I do like the 14-speaker Bowers and Wilkins system in our Jag, though – a lot – so when the company rang me to see if I'd be interested in visiting the factory to see how it's made and why it sounds so good, I accepted like a shot.
There was an ulterior motive, too. B&W is based in Worthing, on the Sussex coast, and some of the country lanes on the way down there are great driving roads. Take away the modern signage and you could be stepping back 50 years.
On roads like these, achieving a good average speed is about positioning and observation so you can maintain momentum: far more enjoyable than just clogging it down a motorway.
It's what performance driving instructors call 'making progress'. With the torque of the 2.7-litre V6 diesel keeping the car moving forward and the wonderful damping ensuring it stayed planted on the road, I had a great time.
B&W is the Jaguar of the hi-fi world – a relatively low-volume, extremely high quality manufacturer of performance speakers (the rest of the Jag's system comes from other manufacturers). Some of its domestic speakers cost more per pair than my car. A lot more.
B&W can even kit you out with a full seven-speaker, five-subwoofer home cinema if you've a quarter of a million quid to spare.
The company was established by a couple of blokes who were in radio ops during the war. Having been demobbed, they opened a radio and TV shop, then moved into full-scale speaker manufacturing in the 1960s after John Bowers decided he could do a better job than the people whose products he was selling.
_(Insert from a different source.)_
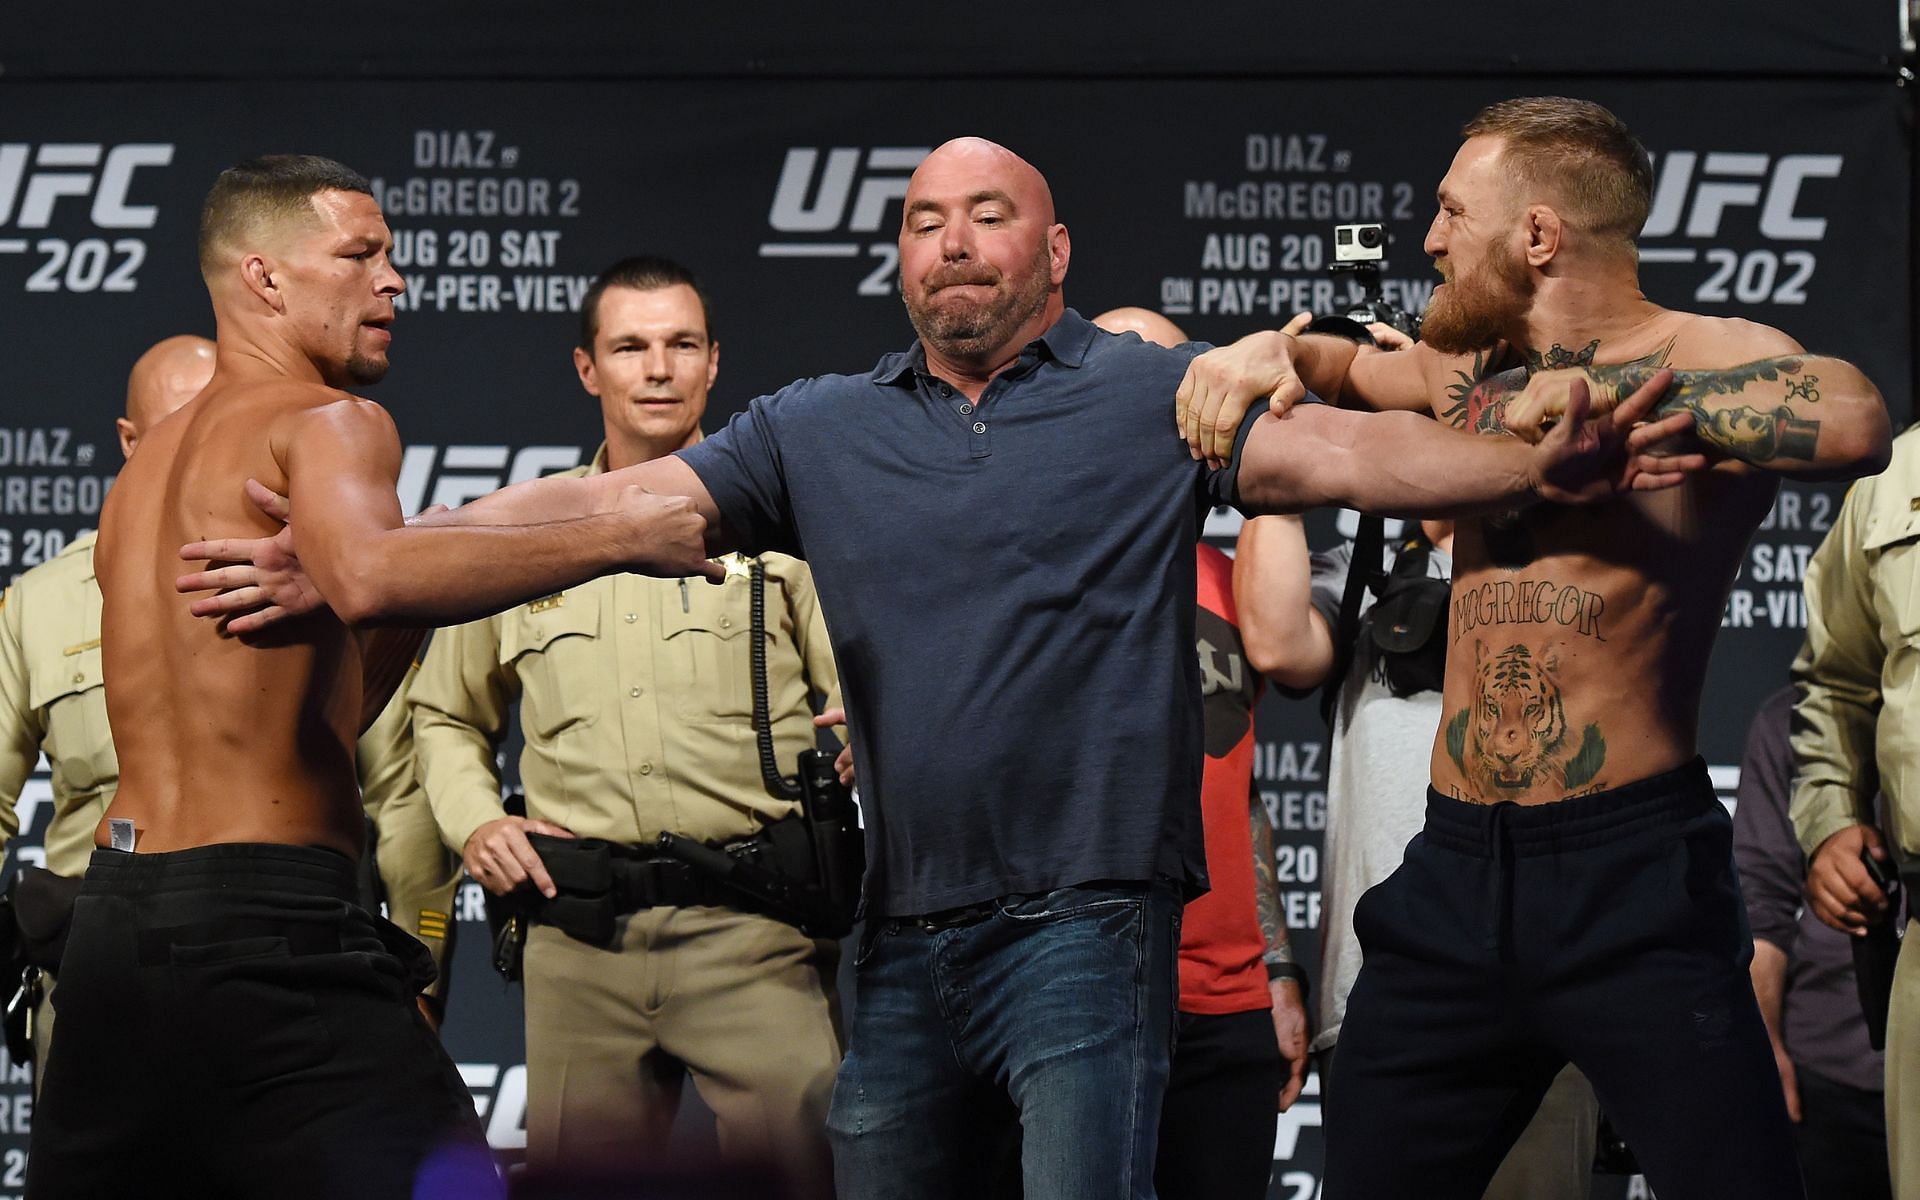 UFC president Dana White (center) separates Conor McGregor (right) and Nate Diaz (left) during the weigh-in ahead of their rematch
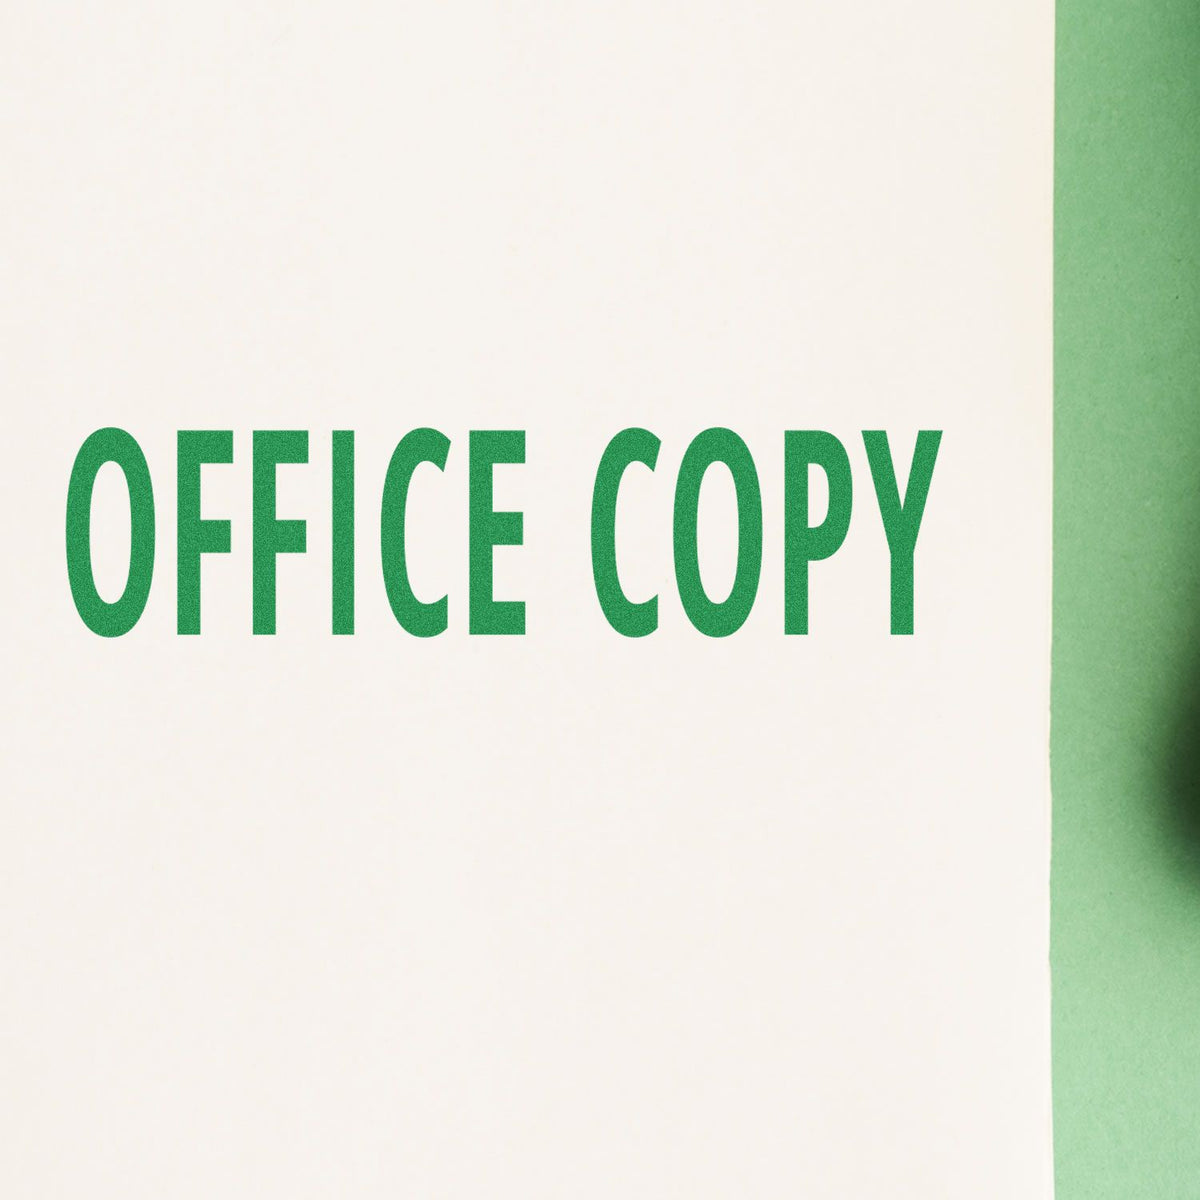 Large Self-Inking Office Copy Stamp In Use

The Jag's speakers were set up by the same team that installed the system in the legendary Abbey Road studios. The secret is in the fine tuning, apparently – like the work test driver Mike Cross does to make Jags drive so well.
'What sets us apart is the research we put into sound quality,' says marketing manager Andy Napthine. 'John Bowers used to say that the best speaker isn't the one that gives you most, but the one that loses least.' The Holy Grail is to let you hear music exactly as it would sound if you were hearing it live.
Research engineer Stuart Nevill gave me a demo of how to make the system in our car sound best and what I should be listening for, then delivered the best news I'd heard all day.
With good speakers, he says, music should be played as loud as possible and it won't hurt your ears because there'll be no distortion. I drove home on main roads with the door skins bouncing.